Strong Low Degree Hardness for the Number Partitioning Problem

In the number partitioning problem (NPP) one aims to partition a given set of $N$ real numbers into two subsets with approximately equal sum. The NPP is a well-studied optimization problem and is famous for possessing a statistical-to-computational gap: when the $N$ numbers to be partitioned are i.i.d. standard gaussian, the optimal discrepancy is $2^{-\Theta(N)}$ with high probability, but the best known polynomial-time algorithms only find solutions with a discrepancy of $2^{-\Theta(\log^2 N)}$. This gap is a common feature in optimization problems over random combinatorial structures, and indicates the need for a study that goes beyond worst-case analysis. We provide evidence of a nearly tight algorithmic barrier for the number partitioning problem.
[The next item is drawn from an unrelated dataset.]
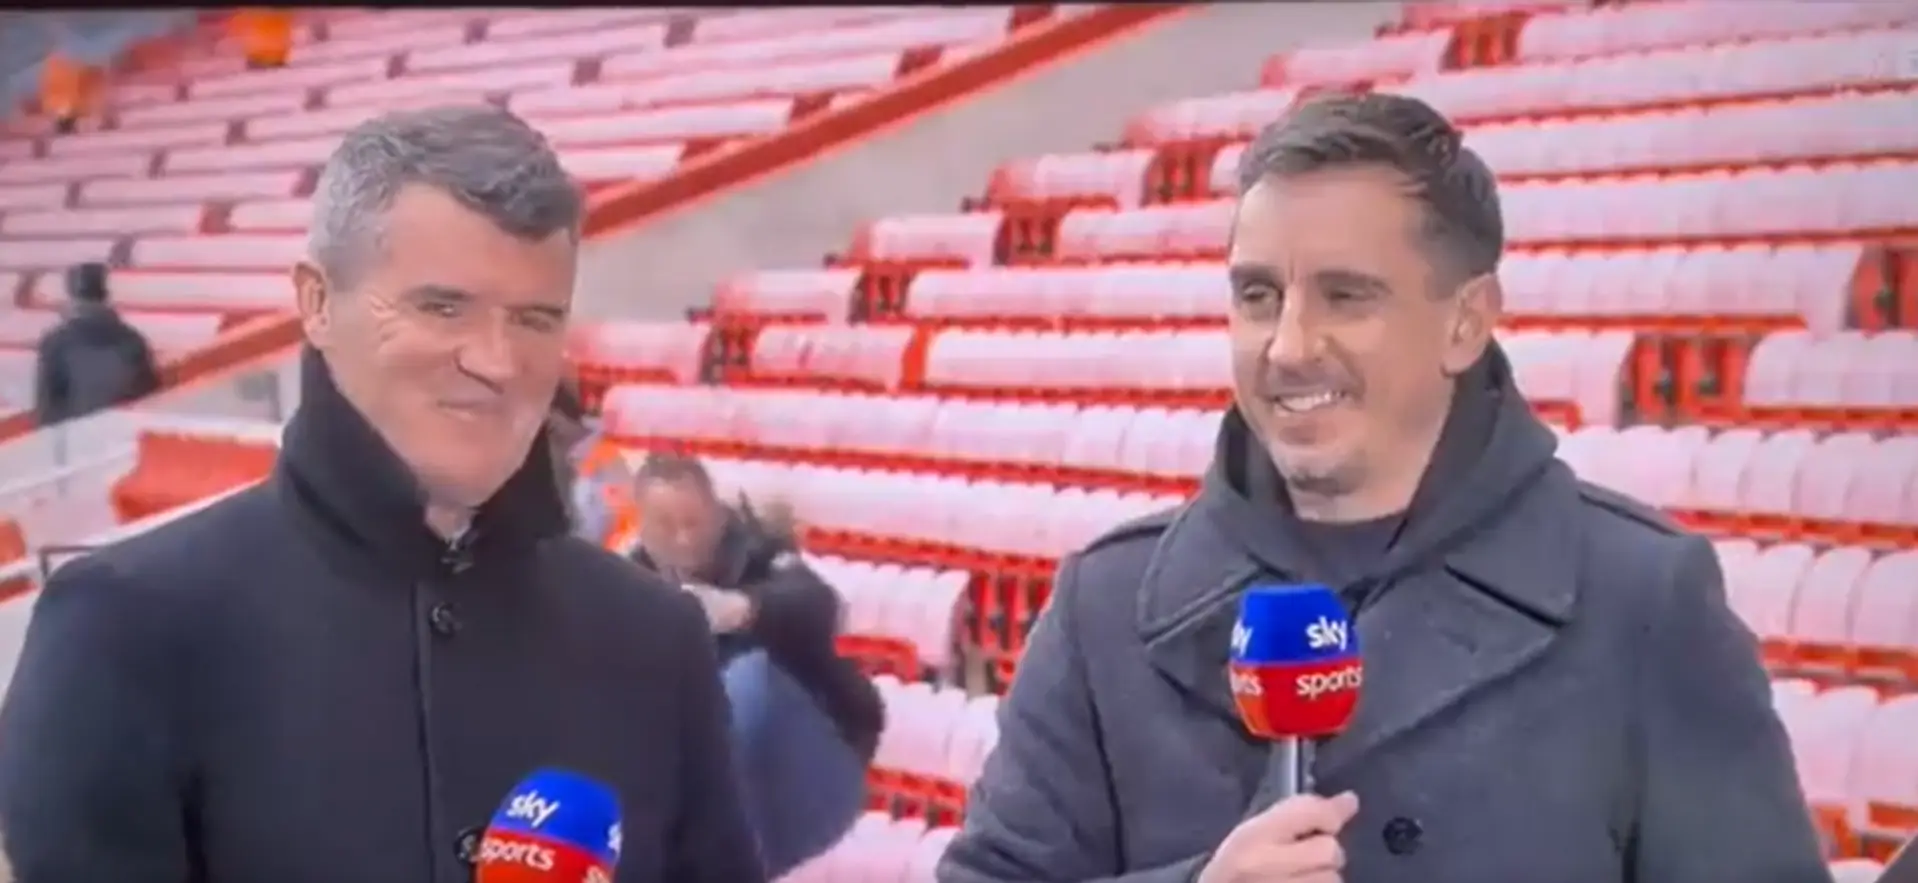 Keane and Neville laugh at Souness as he predicts confident Liverpool win over United - spotted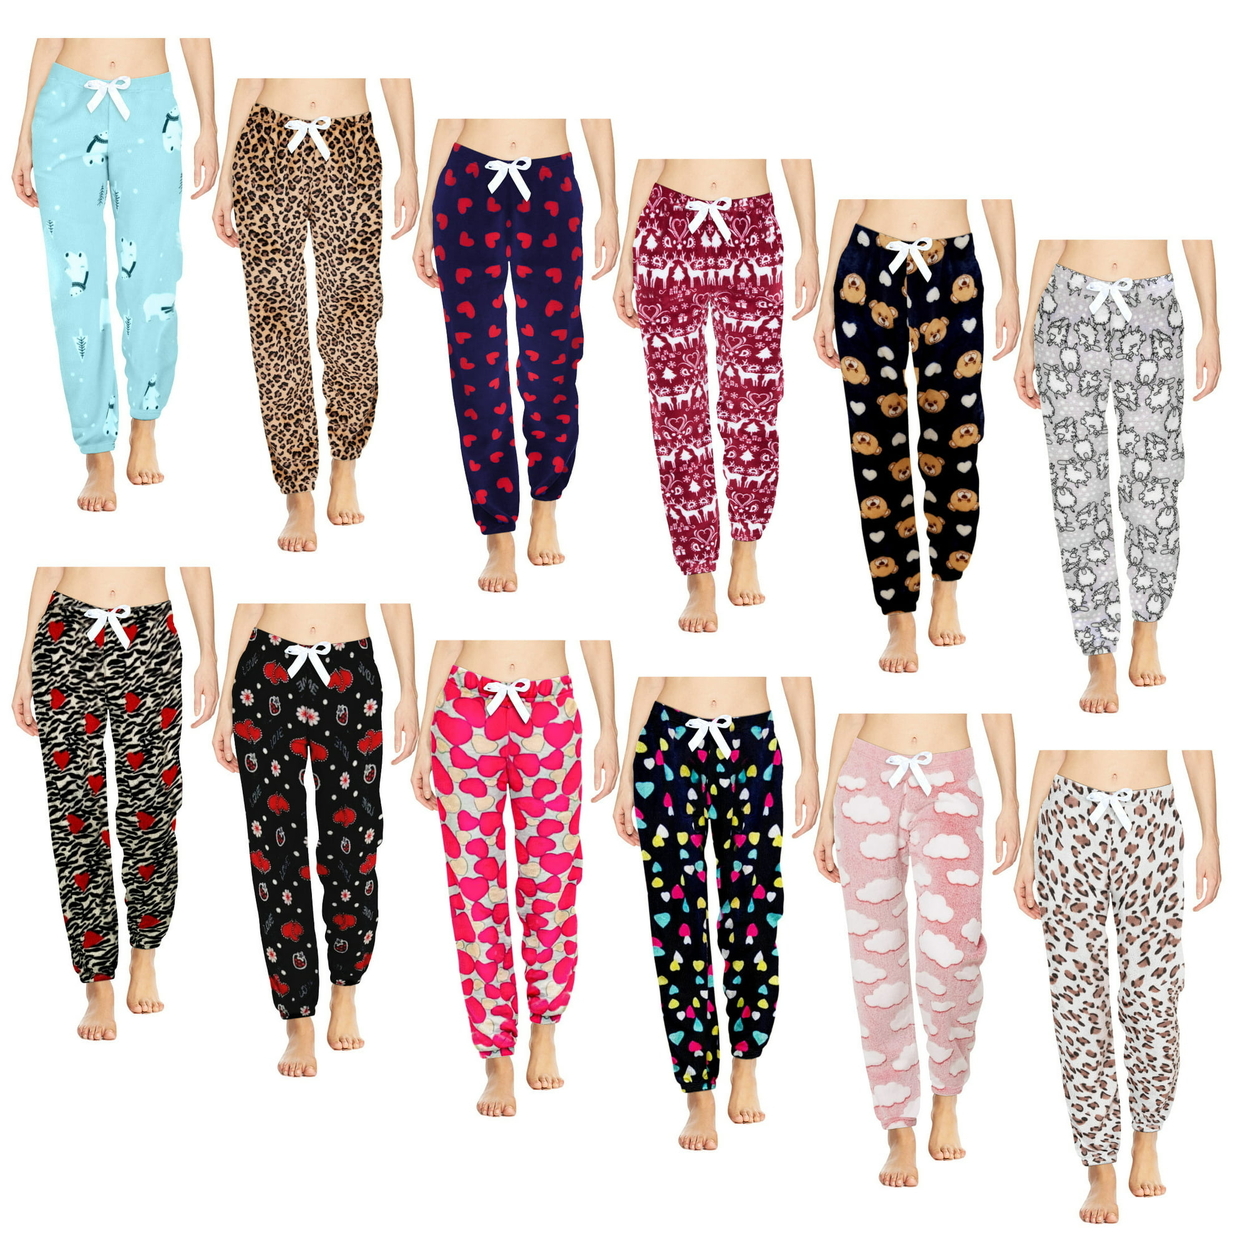 Multi-Pack: Women's Printed Ultra-Soft Comfy Stretch Micro-Fleece Pajama Lounge Pants - 3-pack, Animal, Large

Namely we consider the family of low coordinate degree algorithms (with randomized rounding into the Boolean cube), and show that degree $D$ algorithms fail to solve the NPP to accuracy beyond $2^{-\widetilde O(D)}$. According to the low degree heuristic, this suggests that simple brute-force search algorithms are nearly unimprovable, given any allotted runtime between polynomial and exponential in $N$. Our proof combines the isolation of solutions in the landscape with a conditional form of the overlap gap property: given a good solution to an NPP instance, slightly noising the NPP instance typically leaves no good solutions near the original one. In fact our analysis applies whenever the $N$ numbers to be partitioned are independent with uniformly bounded density.